Comparative analysis of prophages in Streptococcus mutans genomes
- Published
- Accepted
- Received
- Academic Editor
- Ramy Aziz
- Subject Areas
- Bioinformatics, Microbiology
- Keywords
- Comparative genomics, Streptococcus mutans, Prophages
- Copyright
- © 2017 Fu et al.
- Licence
- This is an open access article distributed under the terms of the Creative Commons Attribution License, which permits unrestricted use, distribution, reproduction and adaptation in any medium and for any purpose provided that it is properly attributed. For attribution, the original author(s), title, publication source (PeerJ) and either DOI or URL of the article must be cited.
- Cite this article
- 2017. Comparative analysis of prophages in Streptococcus mutans genomes. PeerJ 5:e4057 https://doi.org/10.7717/peerj.4057
Abstract
Prophages have been considered genetic units that have an intimate association with novel phenotypic properties of bacterial hosts, such as pathogenicity and genomic variation. Little is known about the genetic information of prophages in the genome of Streptococcus mutans, a major pathogen of human dental caries. In this study, we identified 35 prophage-like elements in S. mutans genomes and performed a comparative genomic analysis. Comparative genomic and phylogenetic analyses of prophage sequences revealed that the prophages could be classified into three main large clusters: Cluster A, Cluster B, and Cluster C. The S. mutans prophages in each cluster were compared. The genomic sequences of phismuN66-1, phismuNLML9-1, and phismu24-1 all shared similarities with the previously reported S. mutans phages M102, M102AD, and ϕAPCM01. The genomes were organized into seven major gene clusters according to the putative functions of the predicted open reading frames: packaging and structural modules, integrase, host lysis modules, DNA replication/recombination modules, transcriptional regulatory modules, other protein modules, and hypothetical protein modules. Moreover, an integrase gene was only identified in phismuNLML9-1 prophages.
Introduction
A prophage is a temperate bacteriophage genome integrated into a host bacterial DNA chromosome, which has the ability to enter a lysogenic state and replicate vertically with the host (St-Pierre & Endy, 2008). Prophages are an important source of virulence factors and other determinants that affect bacterial pathogenesis. Whole genome sequencing projects and comparative genomic analysis have revealed that prophage sequences are widespread among bacterial genomes, such as Moraxella catarrhalis (Ariff et al., 2015), Enterococcus spp. (Duerkop, Palmer & Horsburgh, 2014), Lactococcus spp. (Ventura et al., 2007), Mycobacterium spp. (Fan et al., 2014), and Streptococcus suis (Tang et al., 2013).
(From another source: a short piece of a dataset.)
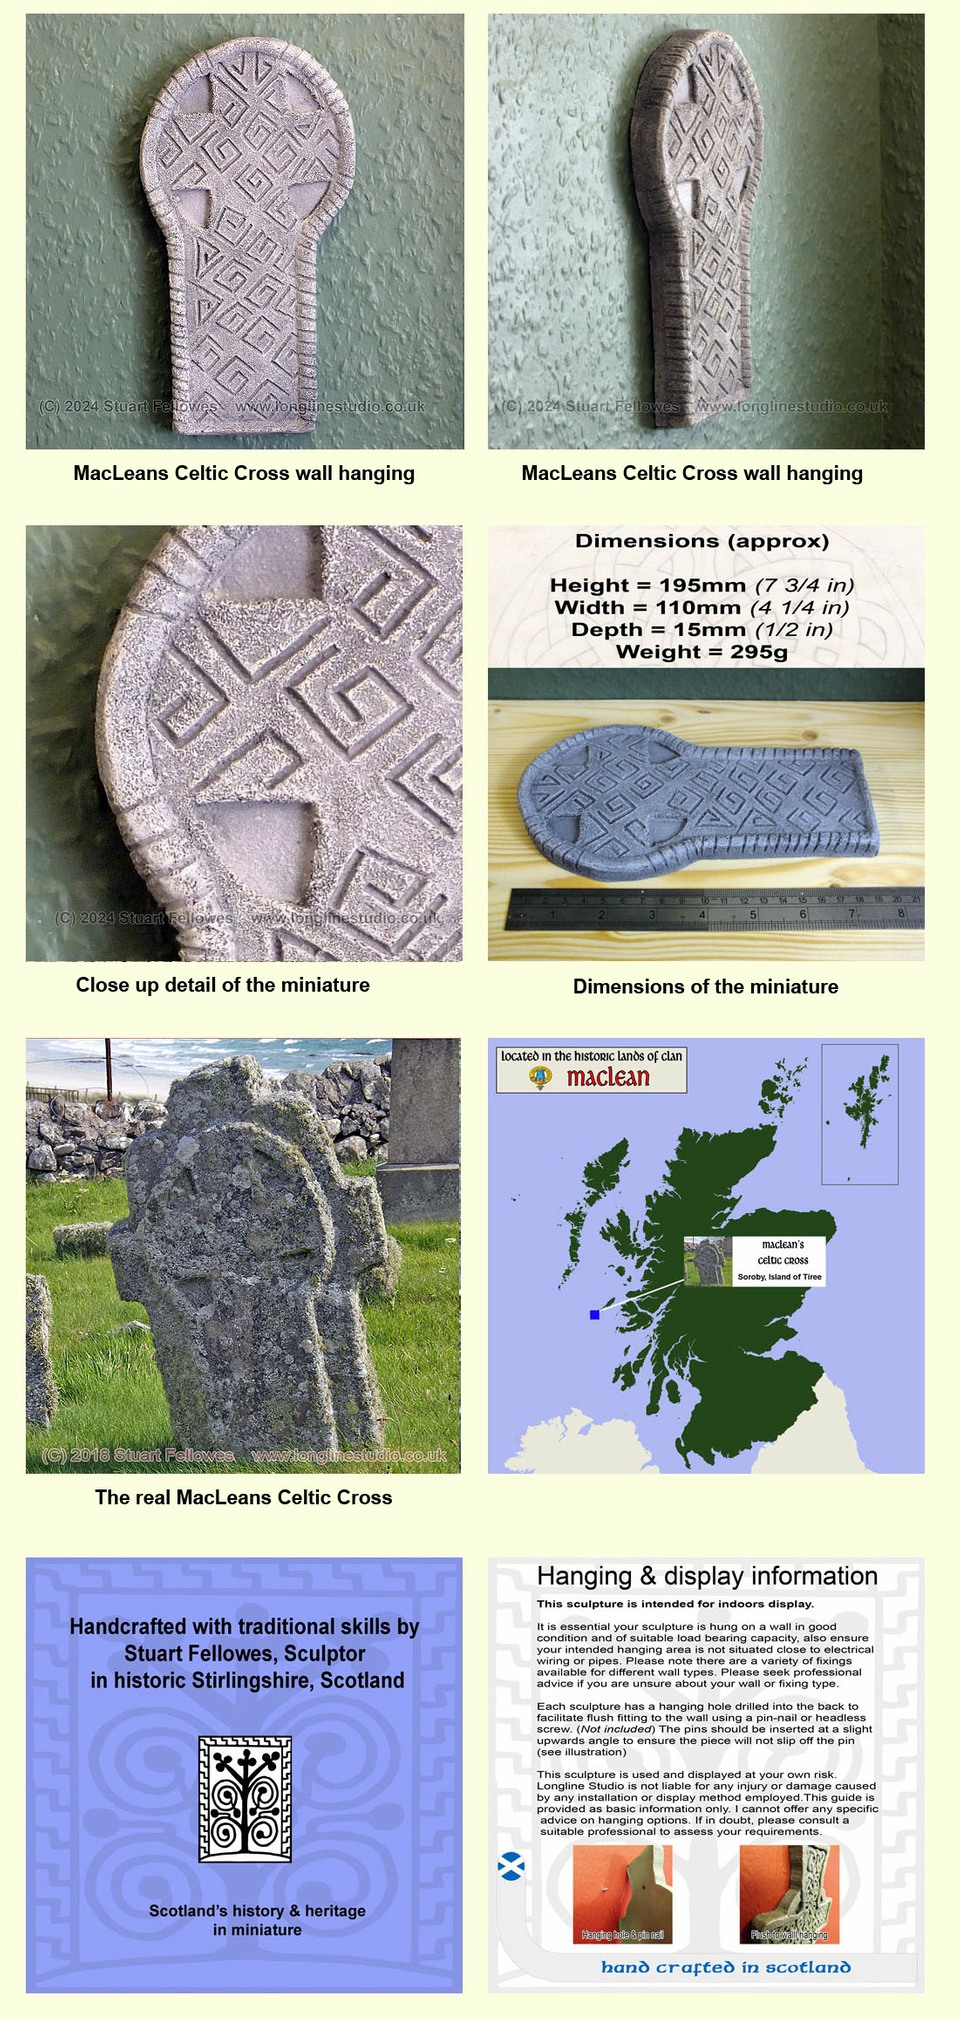 maclean celtic cross, soroby, tiree, stuart fellowes, longline studio

Yet very little is known about Streptococcus mutans prophages.
Dental caries are the most prevalent dental disease and an important public health problem worldwide (Kidd & Fejerskov, 2013). The development of carious lesions stems from a dynamic process mediated by acid produced by cariogenic bacteria, such as Streptococcus mutans, Streptococcus sobrinus, and Lactobacilli, eventually resulting in de-mineralization and damage to the tooth structure (Argimon et al., 2014; Ericson et al., 2003). S. mutans are Gram-positive and biofilm-forming bacteria that can adhere to the tooth surface and contribute to dental plaque. S. mutans is the major pathogen responsible for dental caries in humans (Freires et al., 2017; Motegi et al., 2006). To the best of our knowledge, there have not been any reports describing S. mutans prophages, and only five S. mutans phages have been isolated. Three of them, M102, M102AD, and ϕAPCM01, have been sequenced (Dalmasso et al., 2015; Delisle et al., 2012; Van der Ploeg, 2007). Two other S. mutans phages, f1 and e10, have previously been isolated and tested for their host range and morphology, but not sequenced (Delisle & Rostkowski, 1993). Currently, there are 171 S. mutans genomic sequences in the National Center for Biotechnology Information (NCBI) database. Genomic sequencing of S. mutans has made it possible to identify prophages and perform comparative genomic analysis of prophage sequences and organization.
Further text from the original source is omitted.